Education And Debate

Recent Advances: Respiratory medicine

BMJ 1995; 310 doi: (Published 17 June 1995) Cite this as: BMJ 1995;310:1594
  1. R M du Bois, consultant physiciana
  1. a Royal Brompton Hospital, London SW3 6NP

    Clinical and molecular technological advances have transformed our understanding and knowledge of the complexities of respiratory disease over the past 20 years. Set against this background of rapid advances, this review will highlight some of the key recent developments during the past 12 months that are likely to influence clinical practice.


    Asthma is an important medical and social issue in the community, which will probably continue to have an impact on hospital resources throughout the 1990s. The number of admissions in England and Wales rose exponentially from just under 20000 a year in the 1960s to about 100000 in the 1980s.1 Although the rate now seems to have stabilised, no evidence exists for a decreasing trend in hospitalisation or mortality.
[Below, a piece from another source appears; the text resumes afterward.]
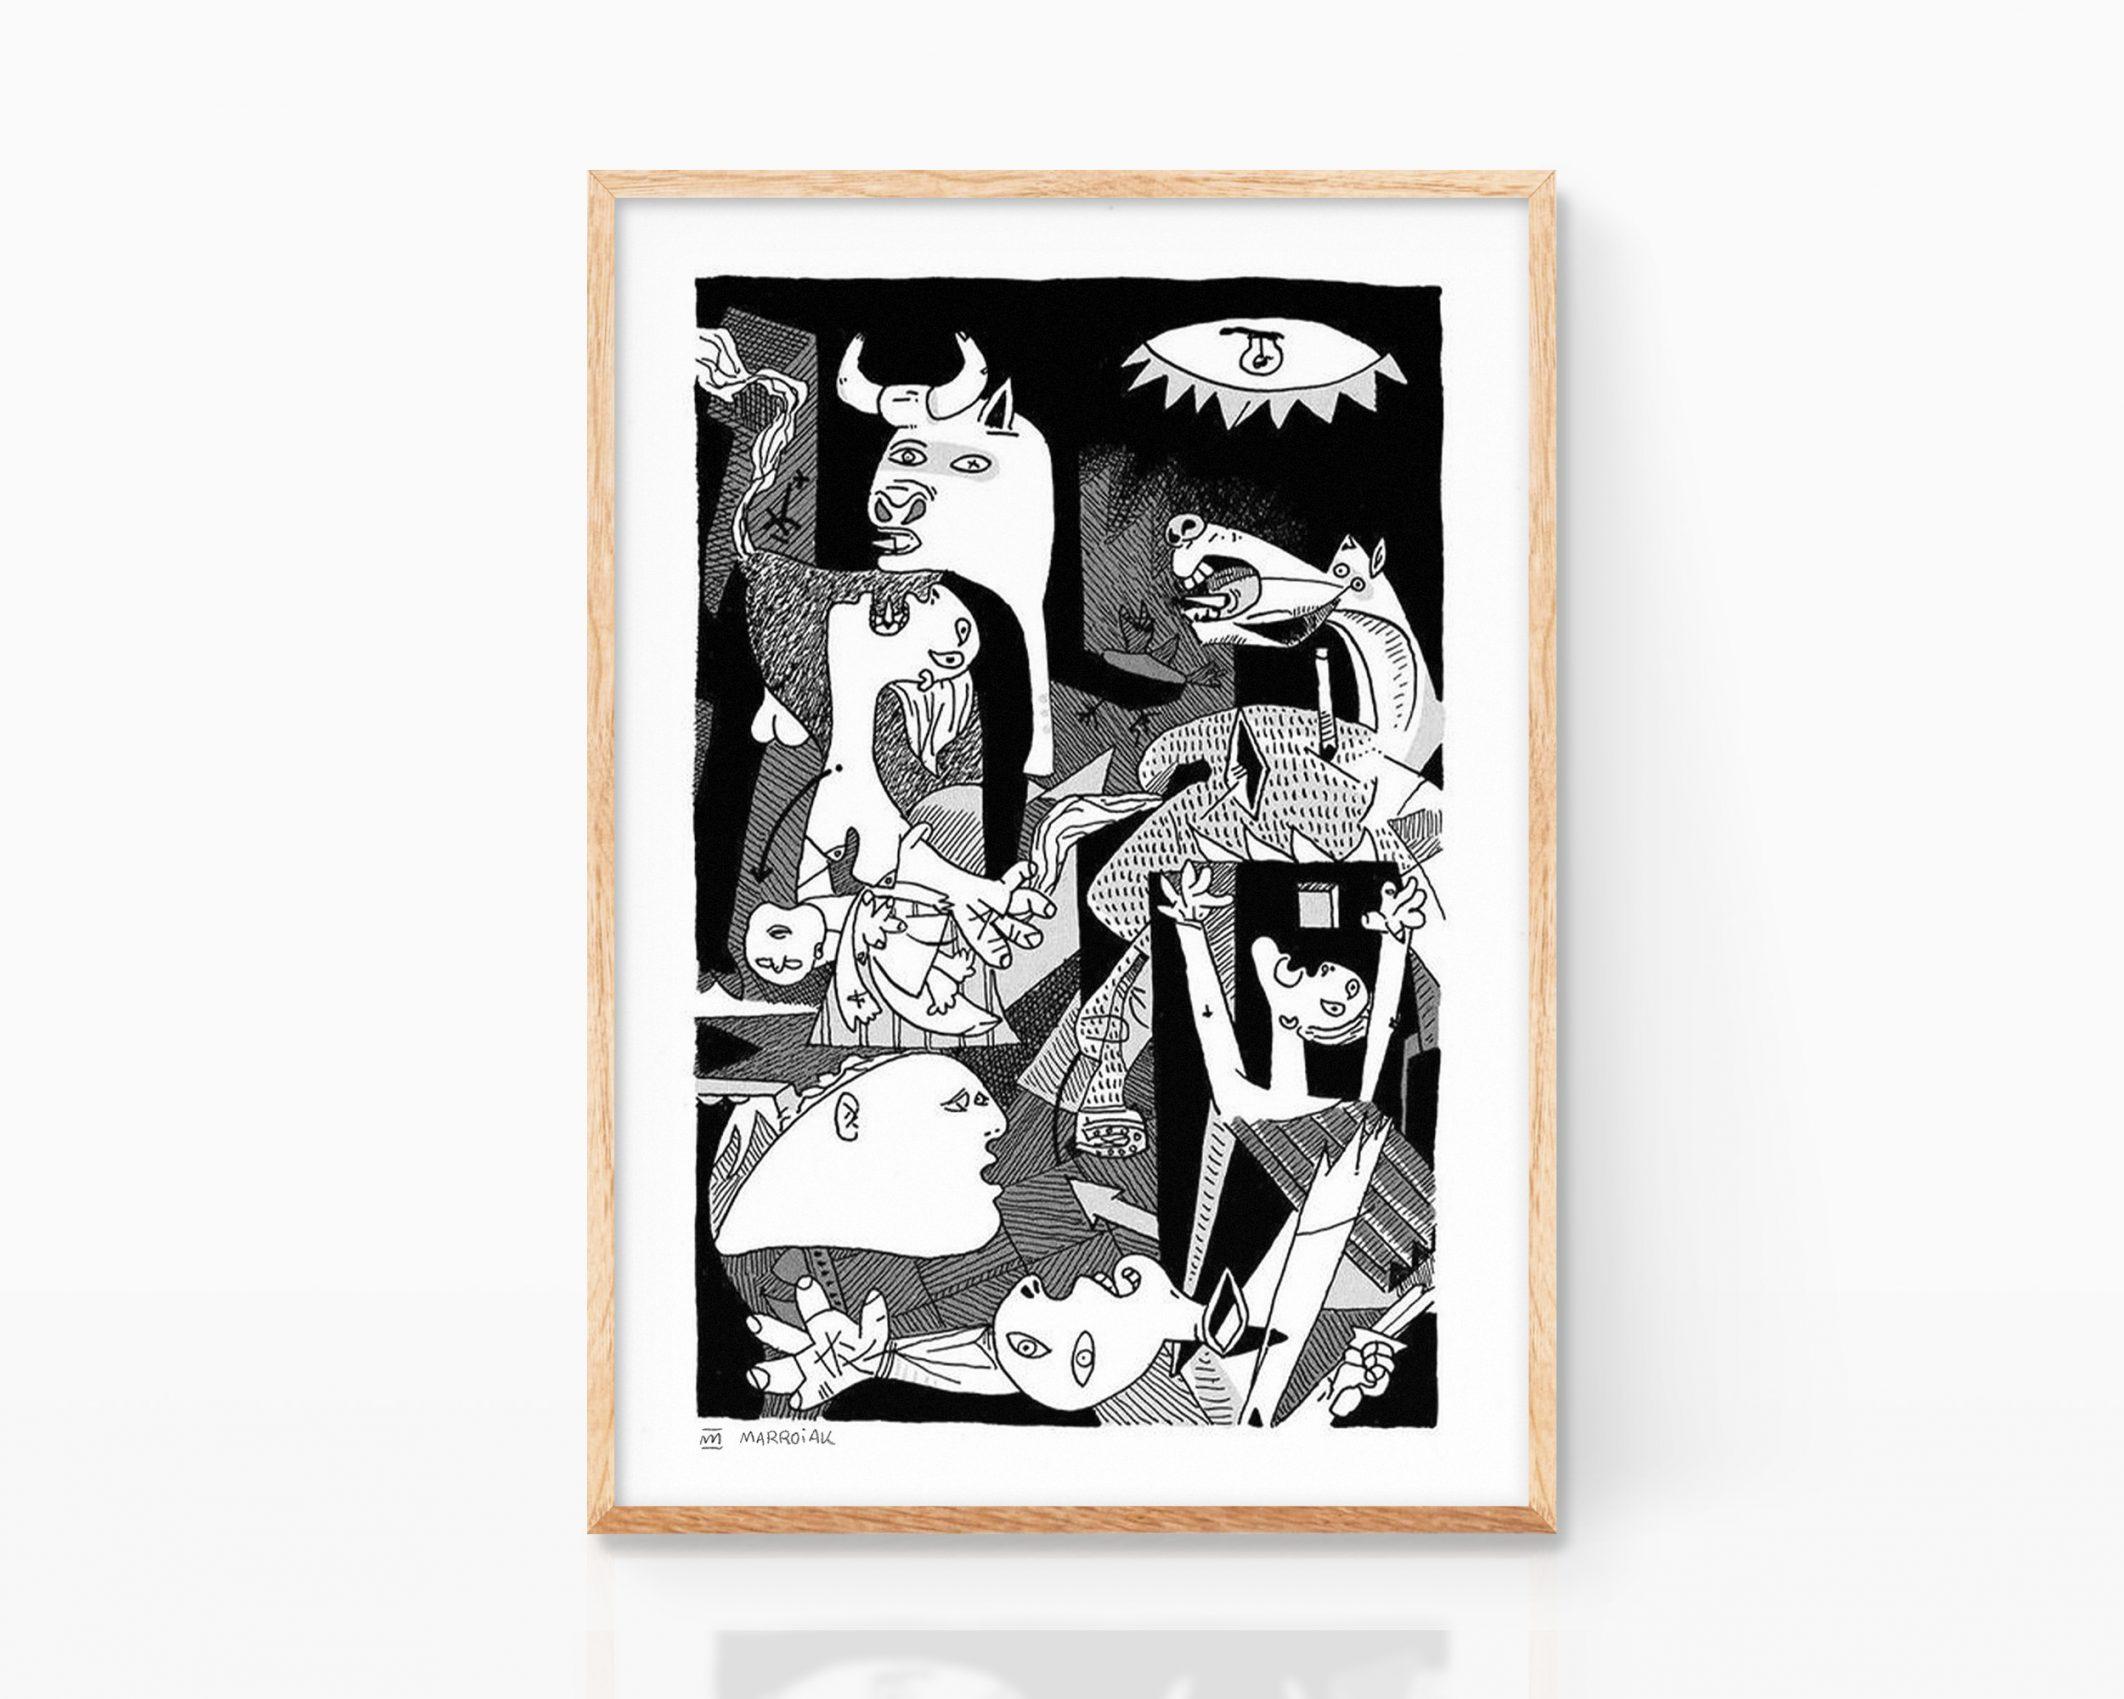 Lámina con una ilustración del Guernica, una de las obras de arte más conocidas de Pablo Picasso. Poster cubismo

    Death rates continue to cause concern. Lang and Polansky reported patterns of mortality in Philadelphia and found an increase in the rate of death from asthma, from 1.68/100000 population in 1969 to 2.41/100000 in 1991.2 Contrary to common belief, this increase was not related to air pollution, measures of which showed a substantial improvement over the same period. The most important risk factors for death from asthma were being poor and being black. A second study, in contrast, found no increase in the expected number of deaths associated with asthma in residents of Rochester, Minnesota, a community in which 96% are predominantly middle class and white.3 The geographical variation in the prevalence of asthma has been too pronounced and the population increase too rapid for these to be attributable to genetic factors, suggesting that important environmental influences may be operating. Although multiple factors such as quality of health care, health education, and living conditions are likely to be important, the studies raise important questions about predisposition and causation.